Epic also has an online platform, Epic Odyssey, that virtually mimics in-person classes. The program gives users an unlimited number of in-home workouts for $29 a month. At 16, 24, or 30 minutes each, the sessions can easily fit into a day and are structured to motivate participants.
Epic Odyssey members can choose to move through the classes at their own speed and try some of the platform’s challenges. Others can continue to work with their local trainers through virtual classes made available by Epic locations across the country.
Whatever they choose, though, David suggests working out with a partner, or even with the entire family. Since the quarantine began, David said he has been working out with his wife and teenage daughter, who encourage him to push himself further than he otherwise would.
“We were doing a workout where you were supposed to do one to five burpees between each exercise. We were going to do three, but my daughter said, “All right, let’s do five.” When you’re together, you’re going to be working harder,” David said with a laugh.
Accountability is one of the core philosophies that Epic classes emphasize — both online and in person. That’s because having a partner often makes people work out harder than they ever would alone.
Many members work at home with partners for the same reasons that they’d join an Epic Interval Training gym: motivation.
If people use a treadmill or elliptical machine at home, they may be moving and getting their heart rate up, but they probably aren’t pushing themselves. But in a small group environment where they can see what the instructor and others in the class are doing, they’re much more likely to increase their intensity.
Epic trainers, and its Odyssey program, can bring that type of motivation online.
“Translating that from the gym into your homes involves both the instructors and the participants. Our instructors teach and try to interact. We ask our guests to have their cameras on so the coach can talk to — and encourage — them. You can also see other people in the class putting in the effort, too. The idea is that you’re all in it together,” David said.
That makes online classes more like those that happen in person. Instructors will push participants and suggest modifications to their form. Watching others can encourage people to keep going.
Couples can take classes taught by instructors from different Epic gym locations. That means couples who frequent Epic gym locations in Chicago can take a class from a New York City instructor. They’ll also see new faces they may not see in their local fitness centers.
“One day, you and your partner could say, ‘Let’s try a coach from San Francisco.’ Your physical location doesn’t matter anymore. We’re trying to shake it up,” said David.
When people are stuck in the same place for an extended period, it can be hard to stay motivated. If they’re working from home, cooking, and relaxing in the same space, they may not be too excited to work out there.
Epic trainers can still provide couples with that sense of enthusiasm at home by creating different workout challenges that will keep them focused on reaching their goals.
“We offer these challenges where you compete while taking classes. You post your feedback and your dinner online, you talk to each other, earn points, and get prizes at the end,” David said.

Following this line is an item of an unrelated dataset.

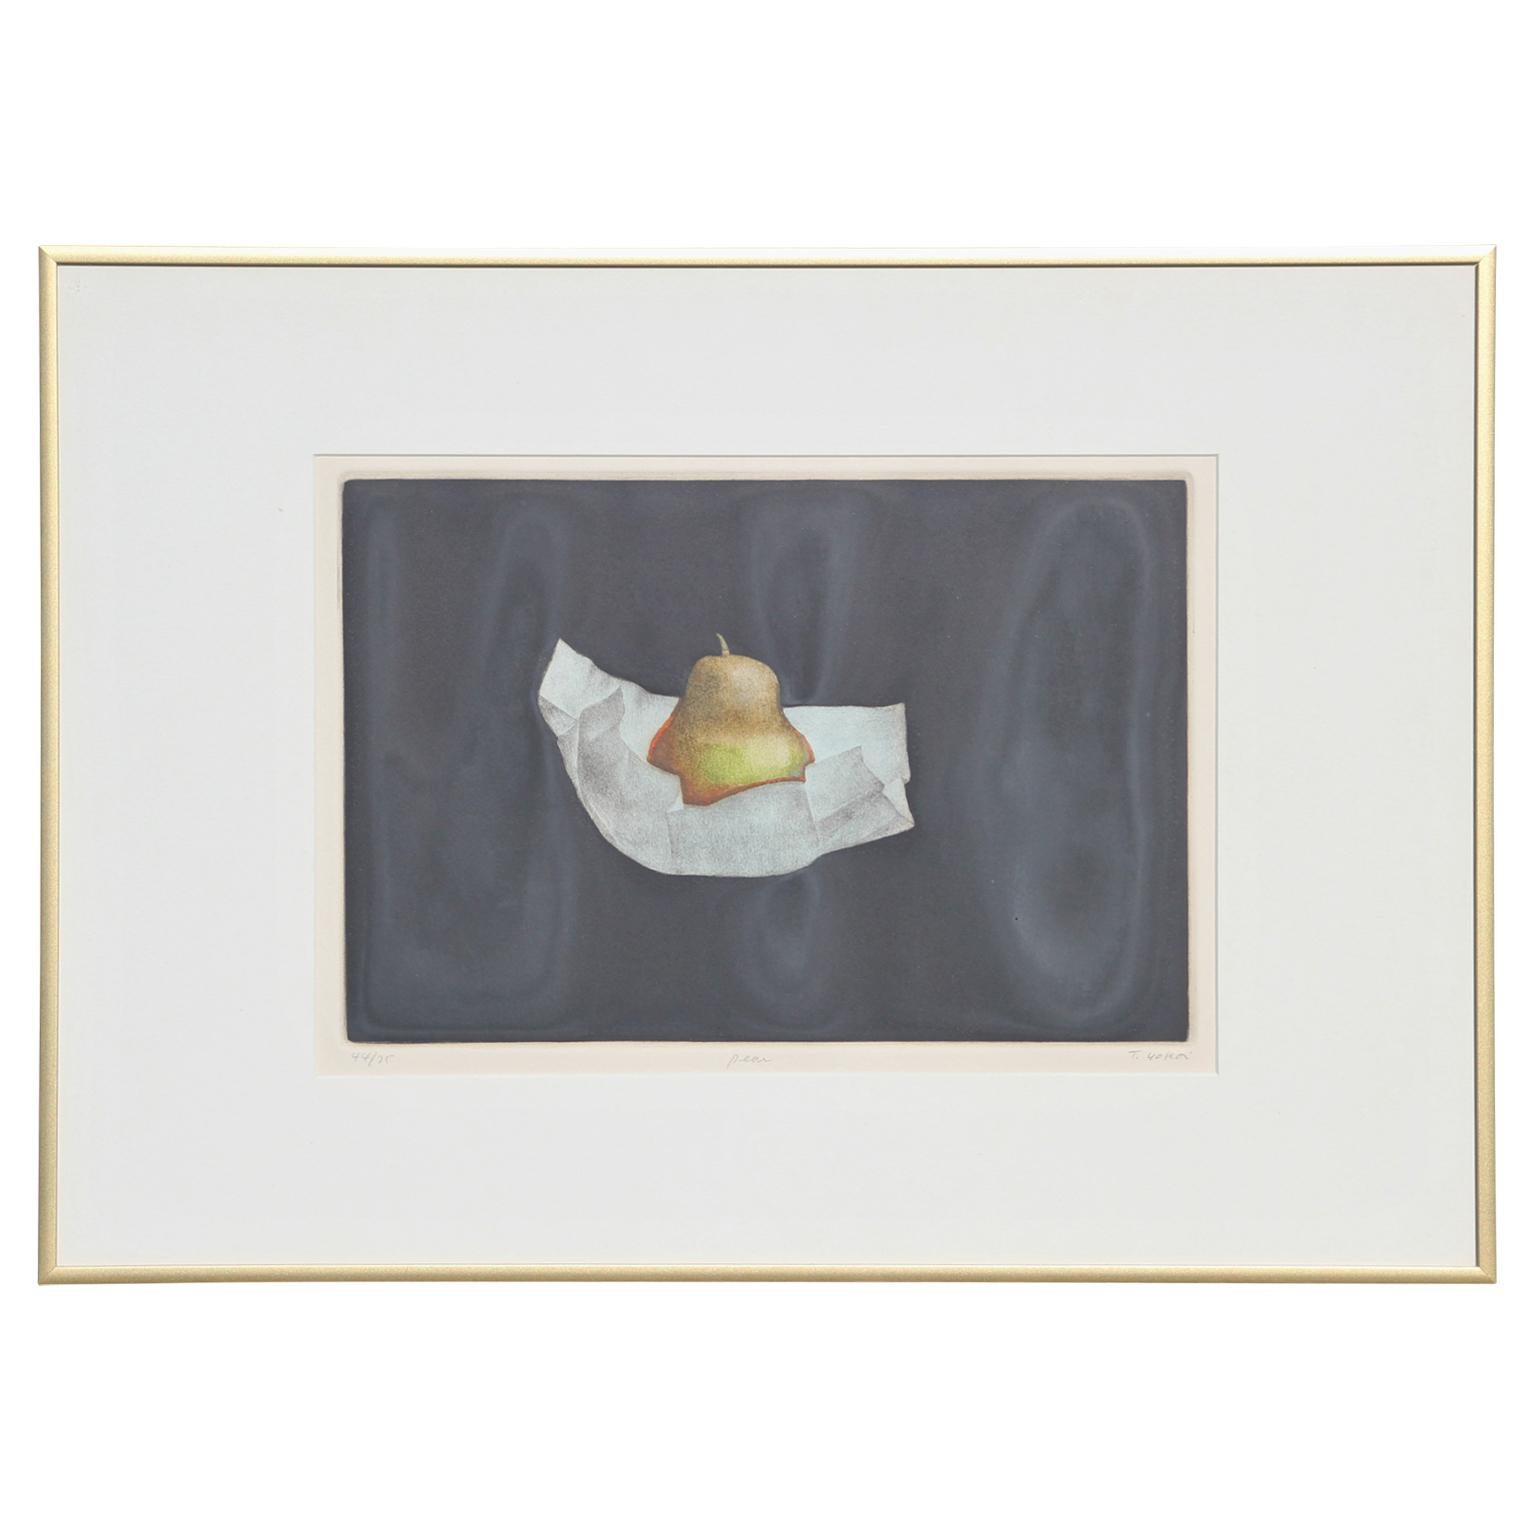 Tomoe Yokoi Interior Print - "Pear" Original Modern Mezzotint of a Pear Against a Black Background 44/75

Not only do these challenges keep everyone motivated, but they also build a community of Epic participants.
“We’re trying to create that communal environment,” said David.
During the COVID-19 pandemic, Epic has made significant changes to its regular workout programs. But the fitness centers have plans to welcome its athletes back when social distancing restrictions are lifted.
“We are doing everything we can to keep people engaged and healthy during this time of crisis. But we want everyone to be ready to get back into the gym and work out together when it’s all over,” said David.